The relation between oral and overall health has long been established. Poor oral health has a significant impact on the overall health of any individual. Similarly, systemic diseases can also present themselves by having oral complications and symptoms. Our overall health and oral health are intimately related. It is due to this relation that dental professionals worldwide stress so much on the importance of maintaining good oral hygiene.
A recent study conducted at the University of Washington supports these past findings by revealing previously unknown aspects of gingivitis and how the body responds to it. This study comprehensively studies the way individuals react to the deposition of bacterial plaque in the oral cavity.

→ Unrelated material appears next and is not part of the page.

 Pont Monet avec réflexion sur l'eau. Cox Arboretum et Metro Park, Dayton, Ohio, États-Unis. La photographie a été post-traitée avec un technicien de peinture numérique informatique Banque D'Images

Based on the different responses to plaque accumulation, researchers were able to identify and classify the body’s response. Plaque is defined as a sticky, yellowish bacterial film that adheres to the surface of the teeth and acts as a haven for disease-causing bacteria. Uncontrolled plaque deposition leads to gum diseases like gingivitis. Gingivitis is a milder form of gum disease and can be easily treated by a dental professional. However, if left untreated, the disease progresses to its destructive form known as periodontitis. Periodontitis leads to bleeding from gums, loose teeth and eventual tooth loss. It can further go and even infect the surrounding jawbone, which is irreversible. Moreover, this puts the body in a state of chronic inflammation that predisposes an individual to systemic complications like heart diseases, diabetes, arthritis, bowel disease and even cancer.
The National Academy of Sciences also published this paper, which details why some people tend to have a more severe response to plaque accumulation. The study also identifies and classifies a range of different inflammatory responses to plaque accumulation. Continued accumulation of bacterial plaque is seen to generate an inflammatory response which reduces the bacterial build-up and also fights the infection.
The two known major phenotypes of oral inflammation are – strong or high clinical response and low clinical response. This study, however, introduces a third phenotype of oral inflammation – slow. The slow phenotype shows a delayed and strong inflammatory response to the bacterial build-up.
The study for the first time details that individuals with a low clinical response still demonstrate a low inflammatory response to various inflammatory signals by showing a new pattern of an inflammatory response to bacterial accumulation.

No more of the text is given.